Information supplied:
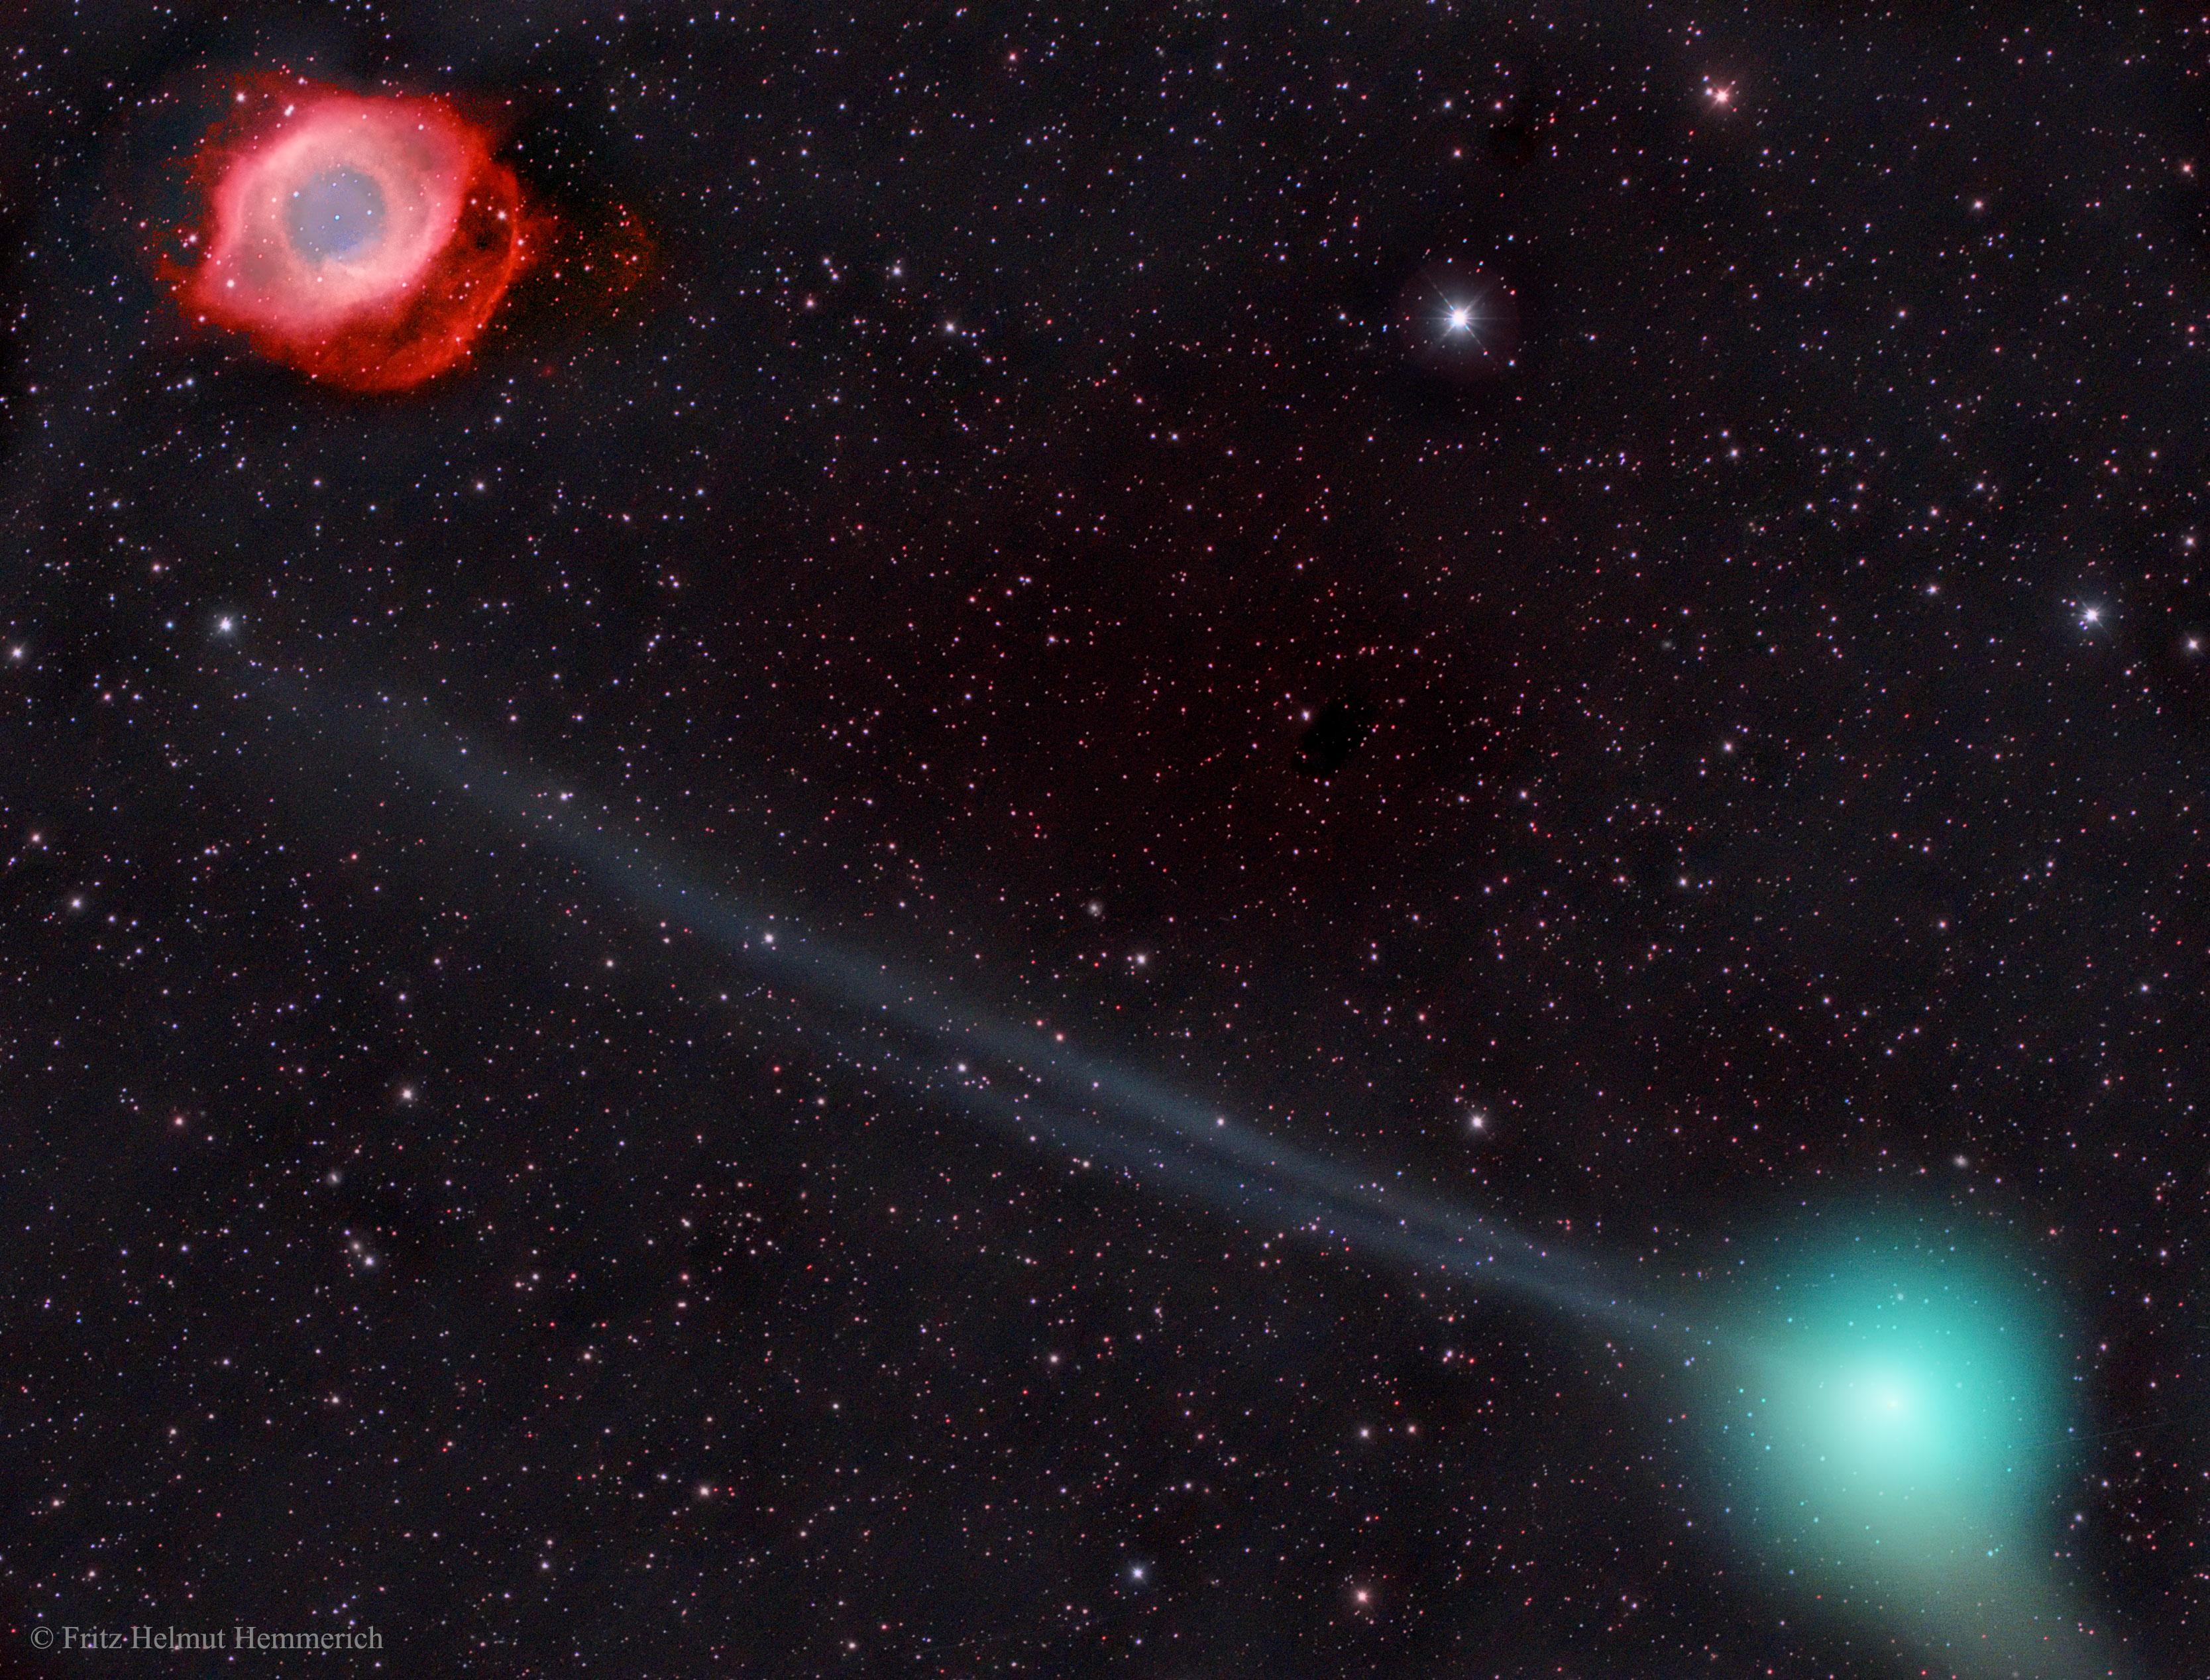 2016 June 5 - Comet PanSTARRS and the Helix Nebula
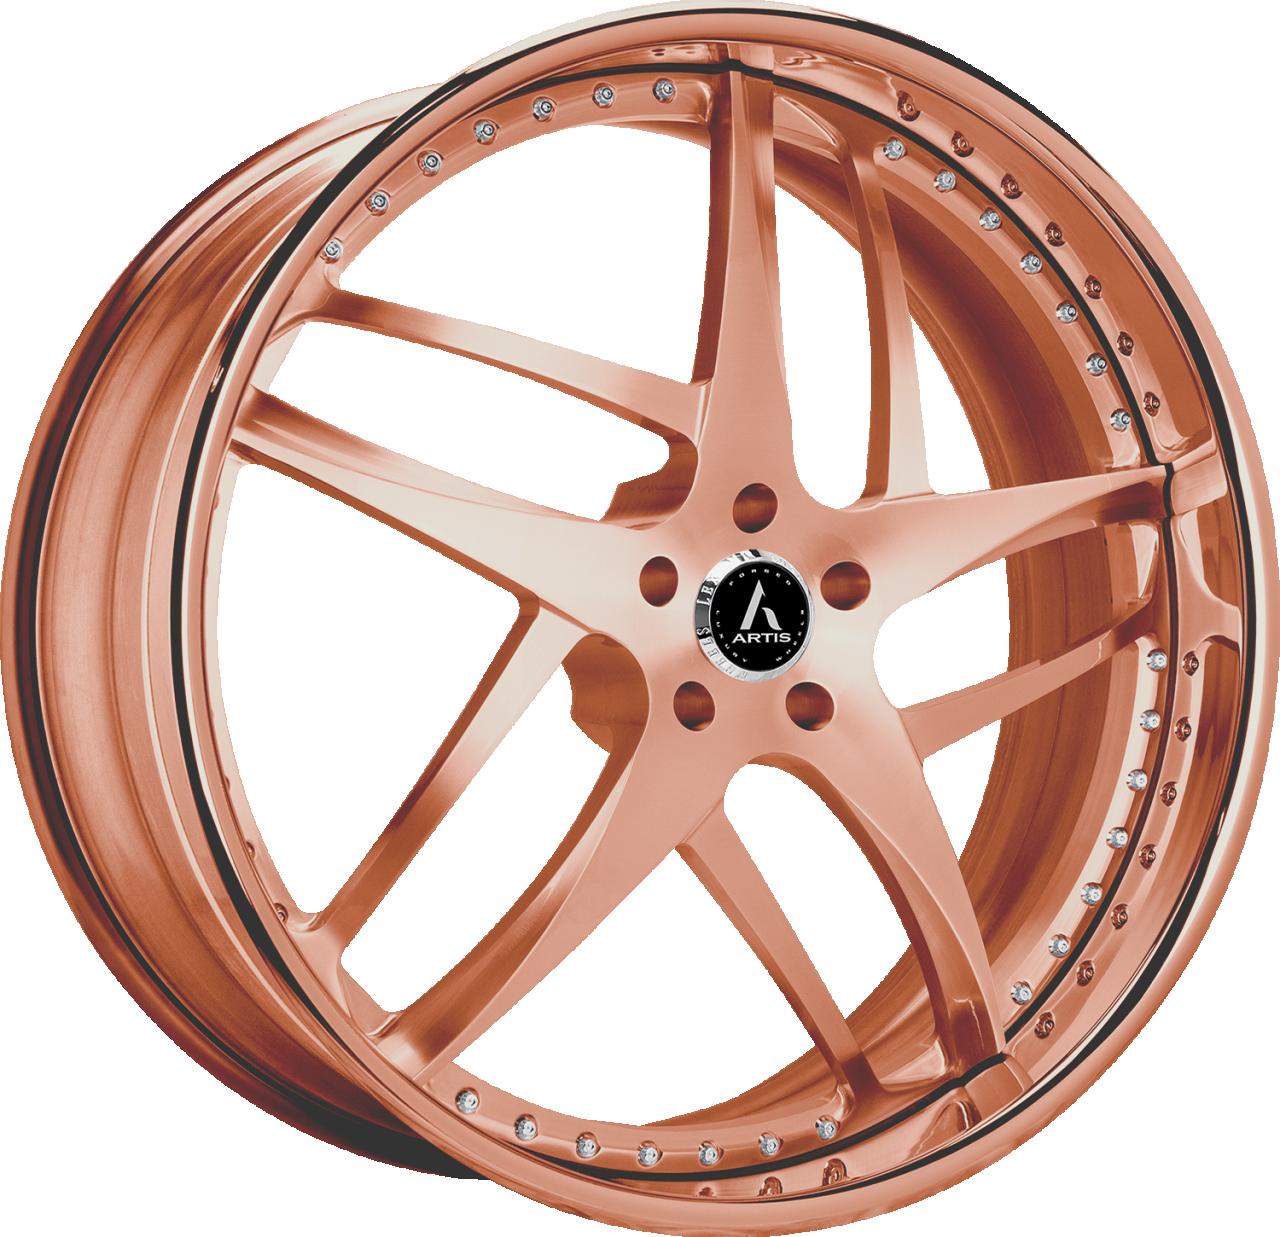 Artis Forged Bavaria wheel with Custom Rose Gold finish
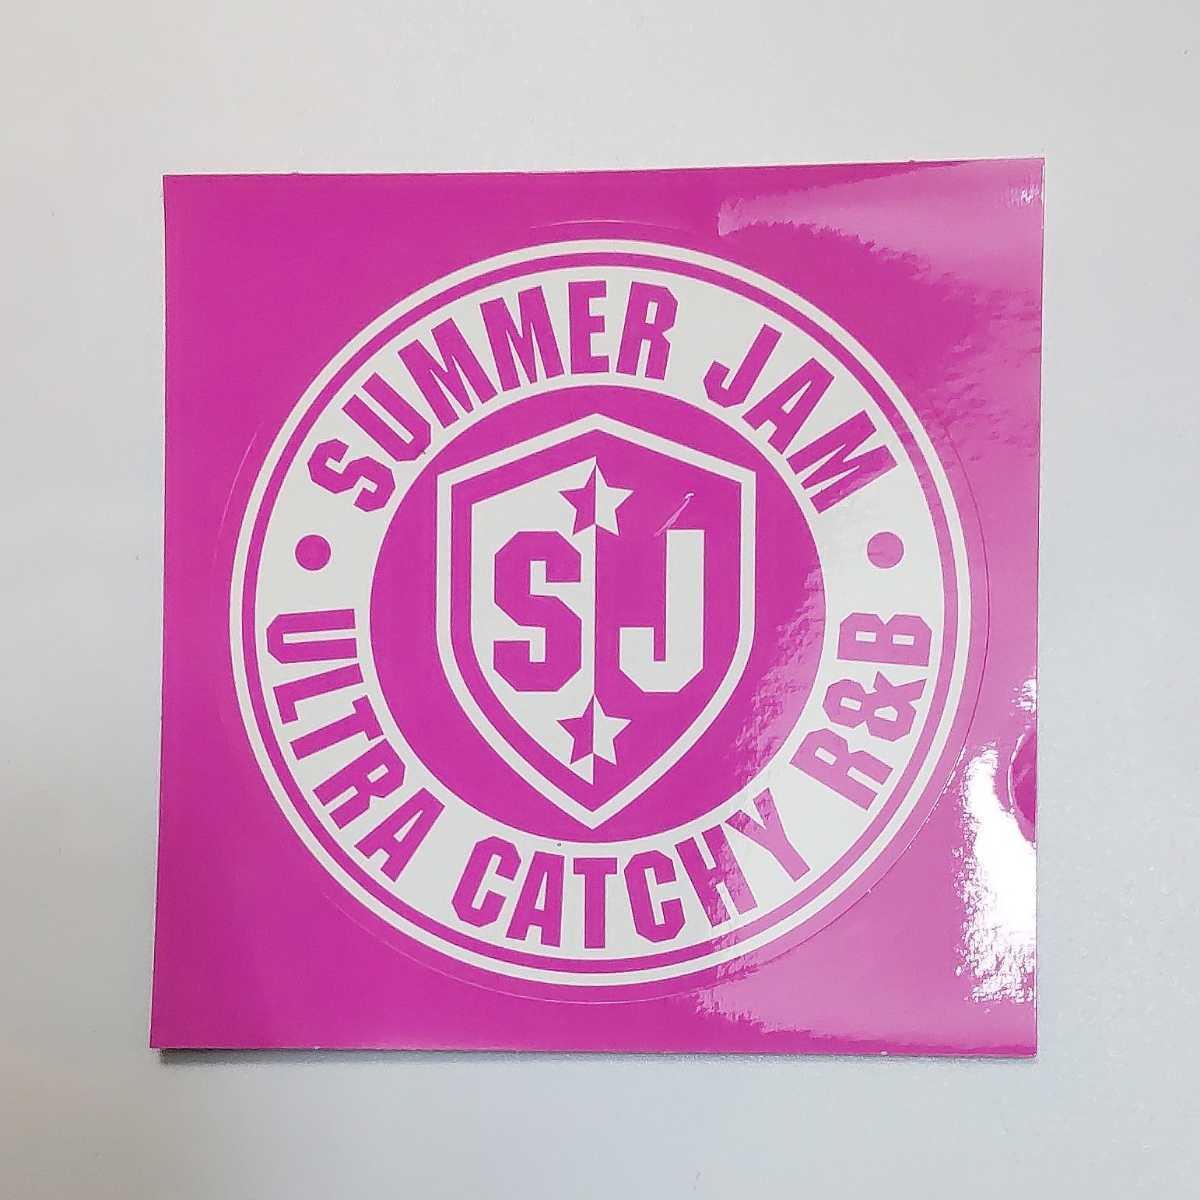 SUMMER JAM ULTLA CATCHY R&B サマージャム ステッカー★検)ノベルティー シール 非売品 販促品 デッドストック 当時物 サマジャム_画像1
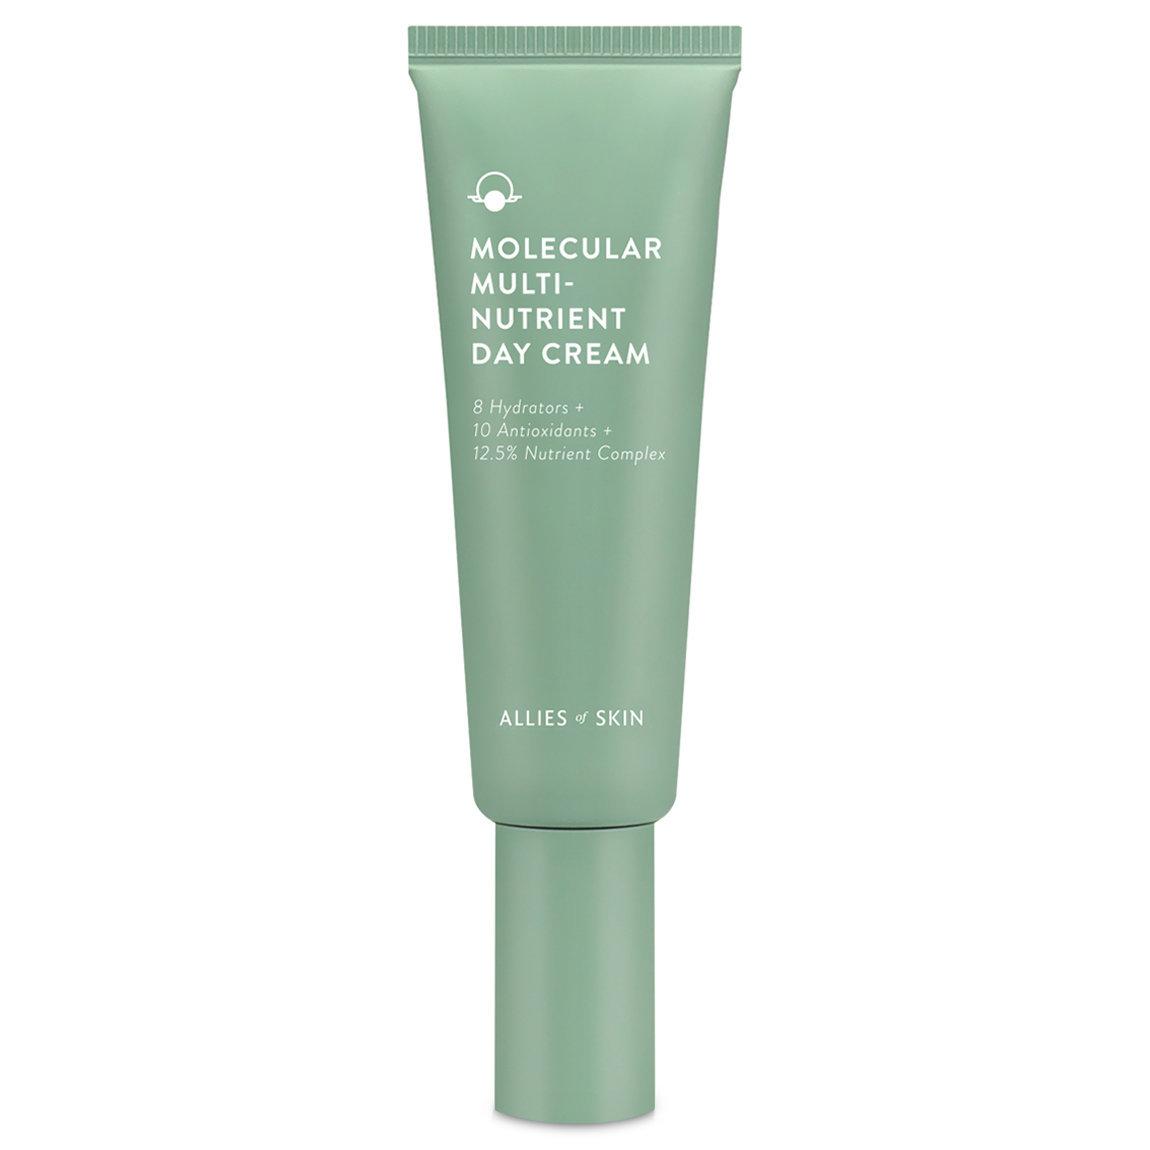 Allies of Skin Molecular Multi-Nutrient Day Cream product swatch.

Task statement: Write every line above out again exactly; pictures do not belong in the copy.

Answer space:
 2016 June 5 - Comet PanSTARRS and the Helix Nebula
 Artis Forged Bavaria wheel with Custom Rose Gold finish
 SUMMER JAM ULTLA CATCHY R&B サマージャム ステッカー★検)ノベルティー シール 非売品 販促品 デッドストック 当時物 サマジャム_画像1
 Allies of Skin Molecular Multi-Nutrient Day Cream product swatch.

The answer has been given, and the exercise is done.